Mark Roman | April 19, 2018 | Articles
One of the most sacred forms of confidentiality in the law is the attorney-client privilege. Most people know the things they tell their lawyers will never be revealed to the world.
In the great majority of cases, that’s true. This is for a good reason: a lawyer cannot effectively represent a client unless the client is free to tell the lawyer everything about their situation. This bond of trust is one of the cornerstones of the attorney-client relationship and our whole legal system.
Nevertheless, in law there are very few “absolutes.” Even lawyer-client confidentiality has some exceptions.
One example is the crime-fraud exception. One has no privilege if they enlist a lawyer to help them commit a crime or a fraud. A lawyer cannot act as a shield for a client in the process of carrying out a conspiracy or other serious misdeeds.

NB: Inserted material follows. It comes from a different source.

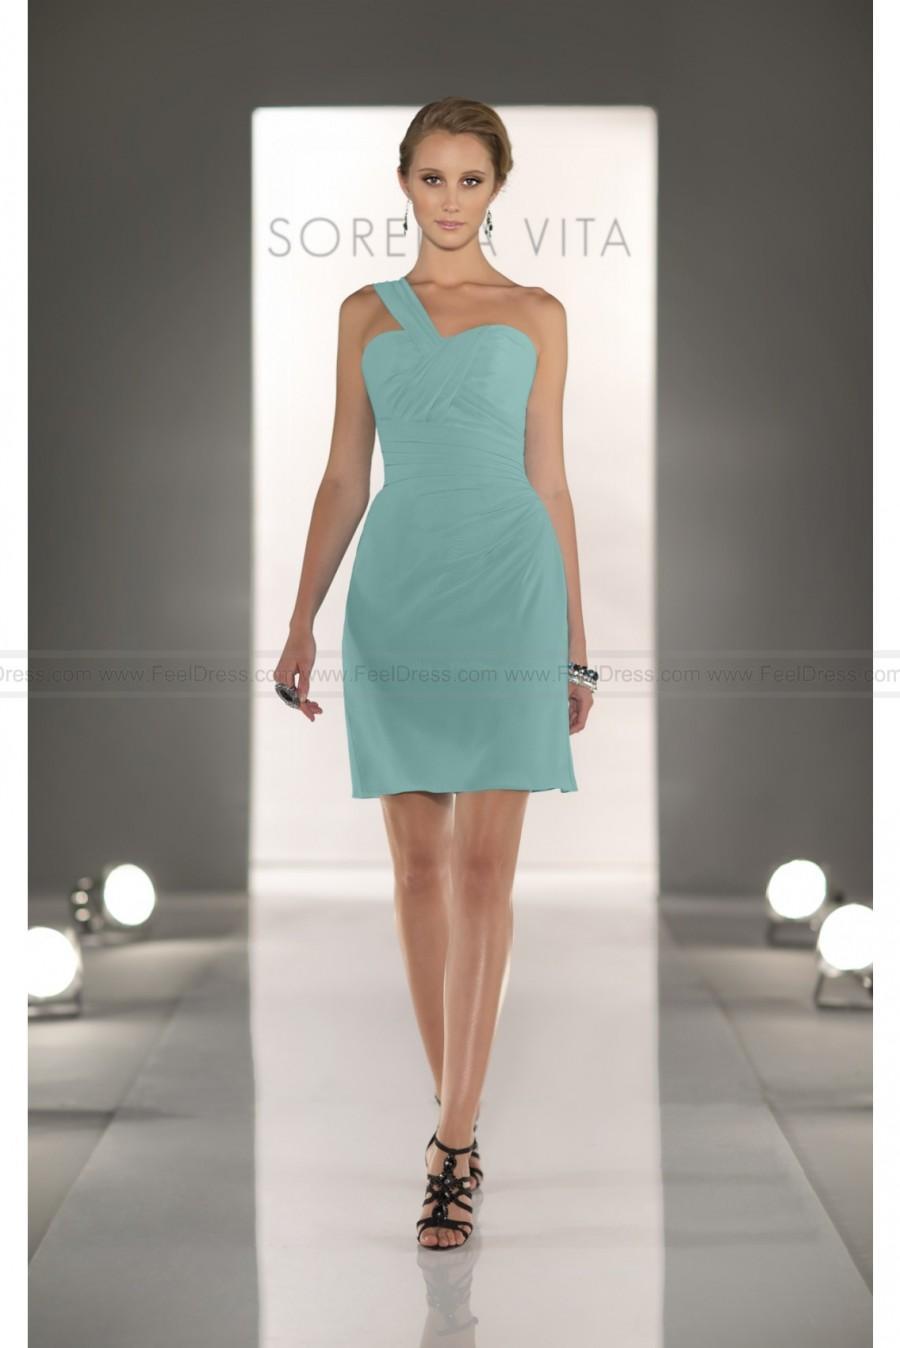 Boda - Sorella Vita Teal Green Bridesmaid Dress Style 8280

Another issue is whether a lawyer-client relationship truly exists. If a lawyer makes a deal for a client without consulting the client, and the client doesn’t know about the deal, then no real relationship exists for that transaction. That can be true even if other transactions truly undertaken by the lawyer and client together are still protected.

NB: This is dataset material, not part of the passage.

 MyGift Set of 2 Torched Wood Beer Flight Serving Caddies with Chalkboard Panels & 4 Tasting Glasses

It appears that these exceptions to the privilege were invoked by federal investigators who sought a warrant to search the premises of President Trump’s personal lawyer, Michael Cohen. Although the warrant must have received extra scrutiny, a federal magistrate ultimately agreed to issue it. That tells us that the magistrate agreed that some exceptions could apply.

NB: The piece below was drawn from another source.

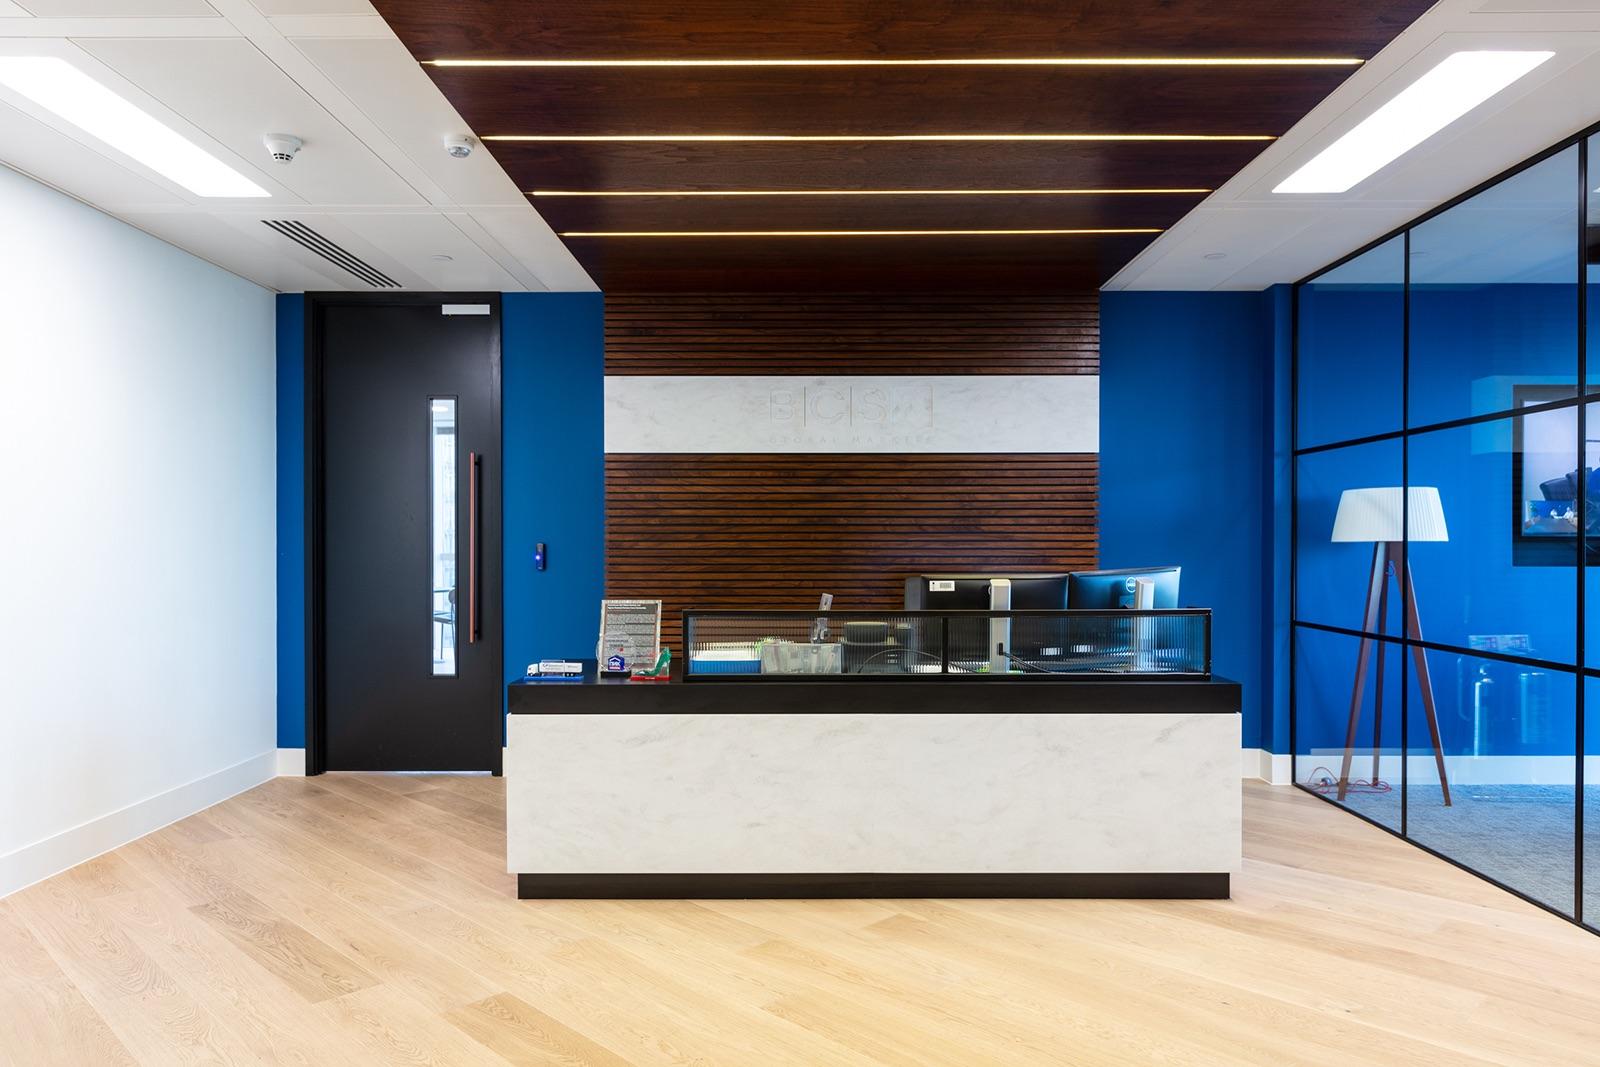 bcs-global-office-london-1

While the Cohen search understandably grabbed a lot of attention, the reality is that we sometimes have to fight about the attorney-client privilege in our practice too. We clash with people on the defense side who try to erode the privilege in situations less sensational, but equally important.
For example, defense attorneys have argued that a lawyer giving an injured client the name of a physician who could treat them is not covered by the attorney-client privilege. Defense attorneys argued in the last few years that giving a client the name of a physician is a “fact,” not a “communication.” Yes, this is as dumb as it sounds: it amounts to slapping a different label on a communication so you can say it isn’t a communication. Fortunately, this pseudo-distinction was rightly rejected by the Florida Supreme Court in a case last year, and the privilege was preserved.
Other times, we have had non-lawyers, such as insurance adjusters, just bluntly ask our clients things which are clearly off limits. Adjusters sometimes try to ask client when they hired their lawyers, and sometimes even about attorney-client conversations. A minimally competent insurance adjuster should know better, but we have still seen this happen.
The attorney-client privilege is sacred, but it’s not invincible. Clients should be sure to hire lawyers who jealously protect their confidentiality whenever they are entitled to it.